Chapter 6 - Universal constructions

Summary

We discuss the free monoid and the cofree comonoid on a species (relative to a fixed hyperplane arrangement). In addition, we discuss the free bimonoid on a comonoid, and dually the cofree bimonoid on a monoid. More generally, for any scalar q, we have the free q-bimonoid on a comonoid and the cofree q-bimonoid on a monoid. An important special case is when the starting (co)monoid has trivial (co)product. We employ the terms concatenation and q-(quasi)shuffle for the products, and deconcatenation and q-de(quasi)shuffle for the coproducts. For q = 1, the q-(quasi)shuffle product is commutative, while the q-de(quasi)shuffle coproduct is cocommutative. The concatenation product and deconcatenation coproduct do not depend on q, and do not satisfy any commutativity property. In addition, we also discuss the free commutative monoid and the cofree cocommutative comonoid on a species and related constructions. These have signed analogues. We discuss the q-norm map between free and cofree q-bimonoids. It is an isomorphism when q is not a root of unity.
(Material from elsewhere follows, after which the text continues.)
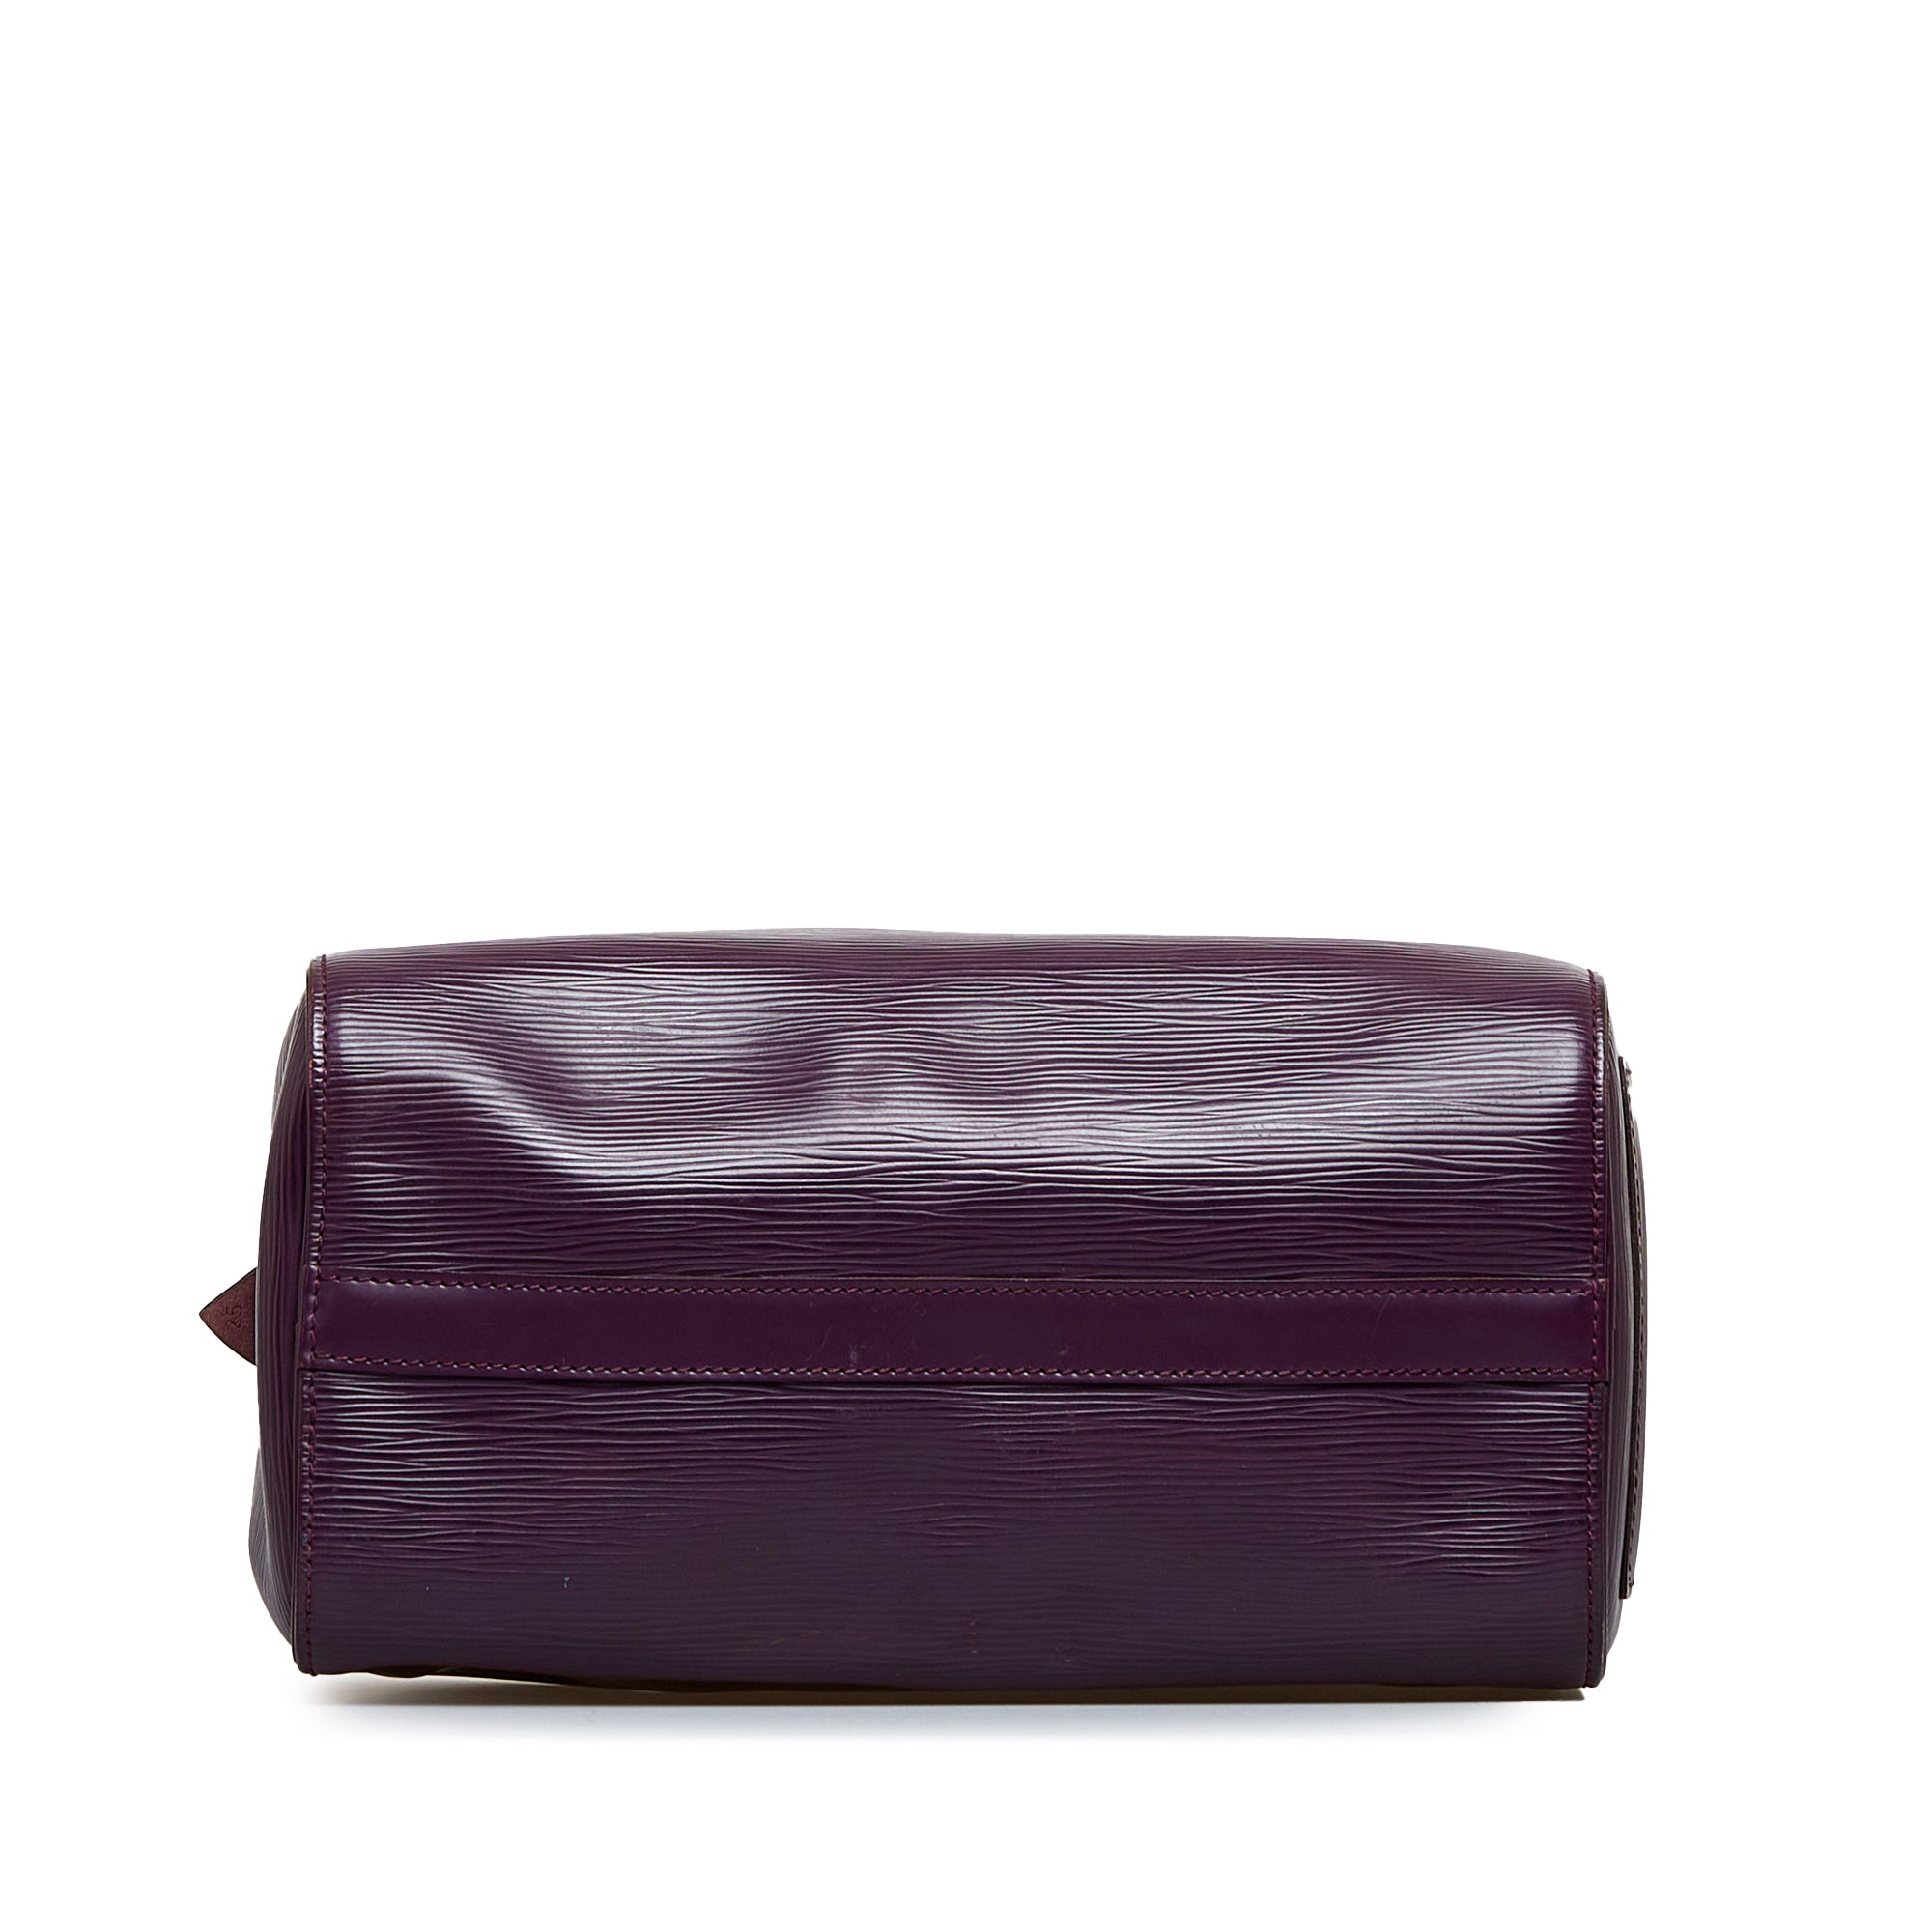 Louis Vuitton - Speedy 25 Epi Leather Cassis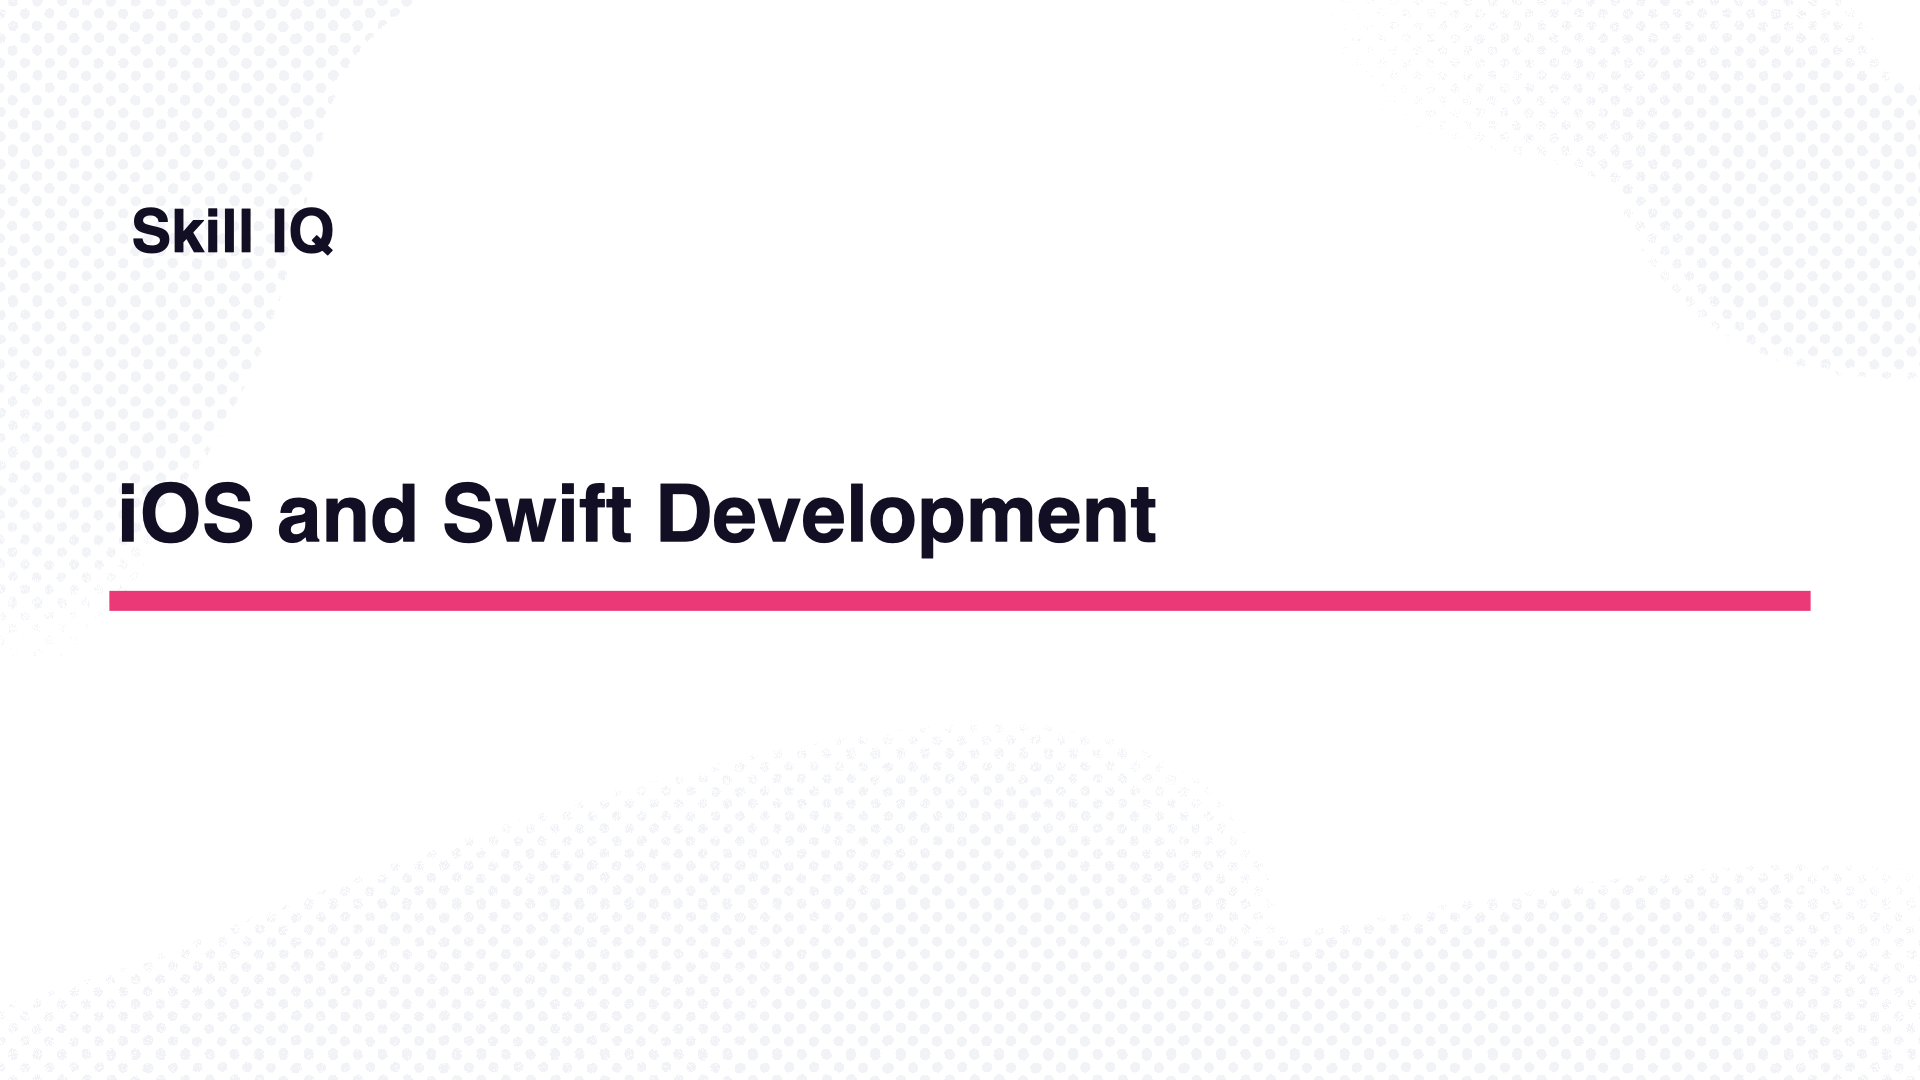 Skill IQ: iOS and Swift Development

Invertibility of the Varchenko matrix associated to the q-distance function plays a critical role here. We also discuss the (co)free graded (co)monoid on a graded species. Every species can be viewed as a graded species concentrated in degree 1. The free graded monoid on a species has a unique coproduct which turns it into a graded q-bimonoid. This is precisely the q-deshuffle coproduct. Dually, the q-shuffle product is the unique product which turns into a graded q-bimonoid.